In my experience, those who pose this question (or some variant of it) typically pride themselves on their open-mindedness. But in view of what we actually find in the Gospels, the question seems to suggest a closed-mindedness. A less prejudicial assessment of the women in Jesus’ life reveals remarkable phenomena, broadly related to the intellectual abilities of these women and their capacity for both moral judgment and adherence to moral principle.

In a sermon given on Easter Day in 1630, John Donne noted that we do not read of a single woman in the Gospels “that assisted the persecutors of Christ, or furthered his afflictions,” with even Pilate’s wife opposing his persecution. Based on these accounts, Donne concluded that Christian women could indeed be “examples to others.”

In his sermon, Donne implied that the moral steadfastness of women was connected to their innate intellectual abilities and their capacity to learn. The Gospels support Donne’s interpretation. Consider just two examples. In his conversation with a Samaritan woman (John 4), Jesus has full confidence in her ability to grasp that he is the Christ, even while using the figurative language of “living waters” with her. Later in the same gospel (John 8:11), Jesus spares a woman caught in adultery from being stoned and departs from her with the words “do not sin again”—an unmistakable acknowledgment of her ability to understand and practice the virtue of fidelity.

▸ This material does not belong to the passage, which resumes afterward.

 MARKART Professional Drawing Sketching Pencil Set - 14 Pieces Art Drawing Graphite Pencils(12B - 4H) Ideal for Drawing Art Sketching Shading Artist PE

The familiarity of these stories to Christians may lead us to underestimate how radical they were in the context of the Greco-Roman world. Perhaps the most instructive comparison comes from reading Aristotle, who asserted that women were significantly less rational than men and less capable than men of practicing moral virtue. Aristotle also believed that men are the biological archetype in our species, with every woman being “a misbegotten male.”

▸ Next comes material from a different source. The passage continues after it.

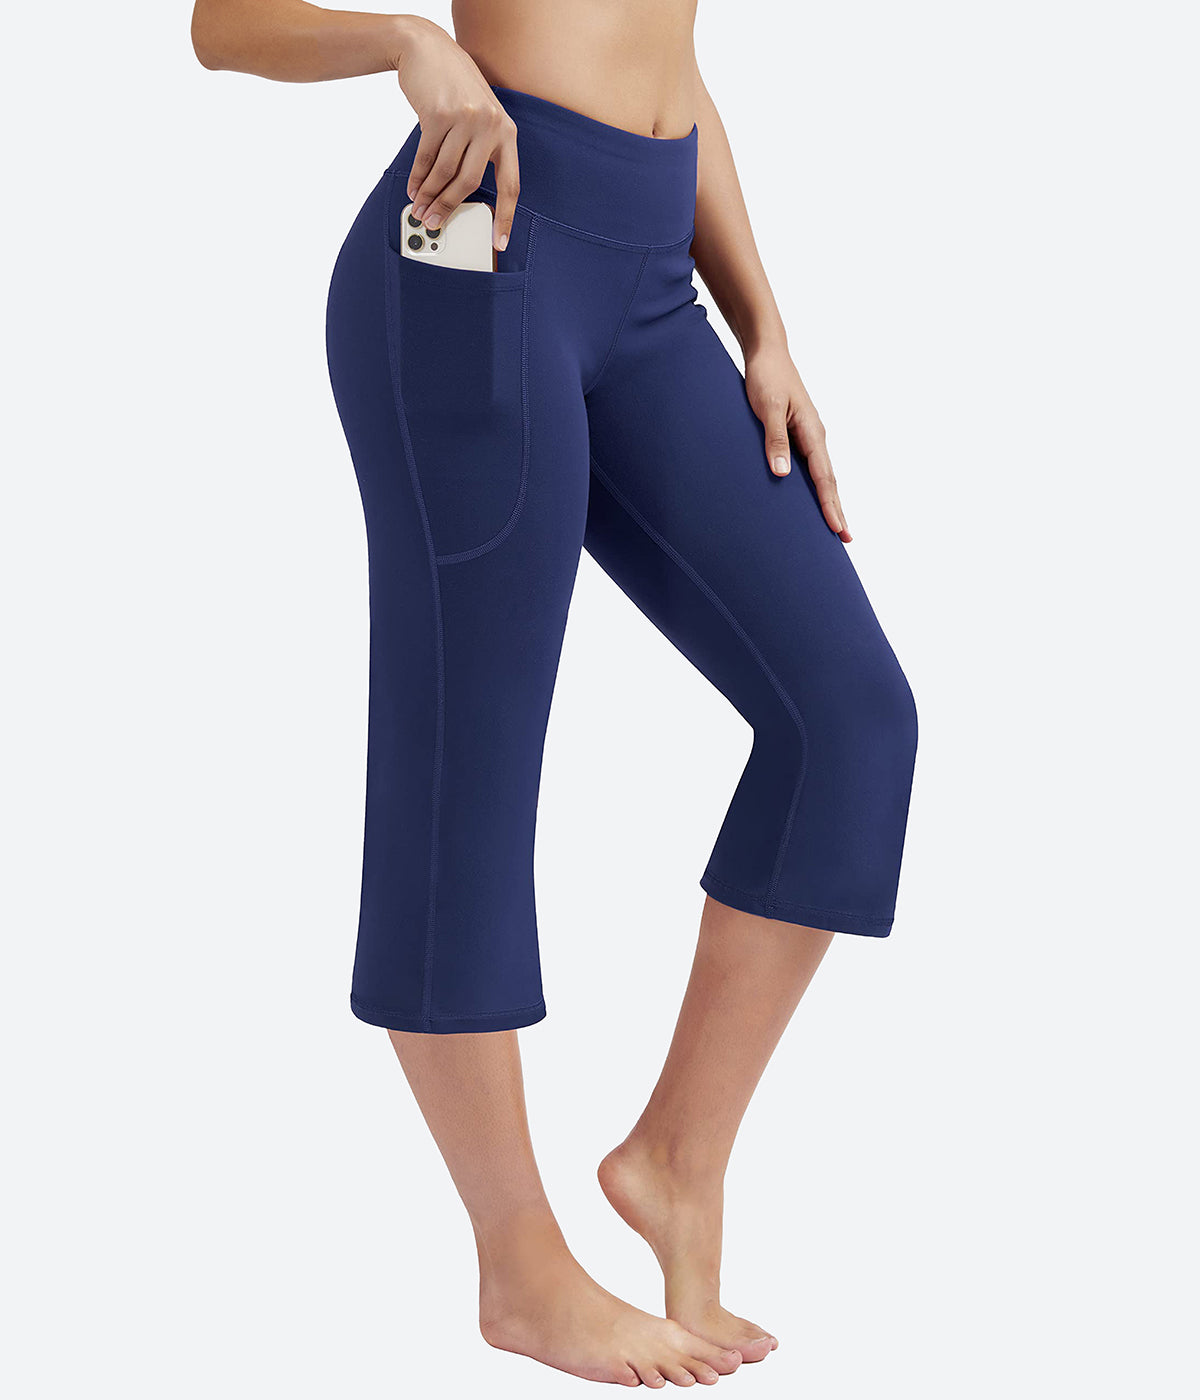 Kcutteyg Yoga Pants for Women with Pockets High Large, Capri

As Donne recognized, the Gospels tell a very different story. He is part of a long tradition of Christian thinkers, going back to at least Augustine, who maintained that a woman’s sex is in no sense a defect or liability. Donne also saw that the fidelity shown to Jesus by the women in his life was heroic and worthy of Christian emulation. Perhaps that fidelity explains why the angels disclosed Jesus’ resurrection to a group of women even before his apostles learned of it, who initially—and incredibly—dismissed the women’s story as an “idle tale” (Luke 24:11, 23).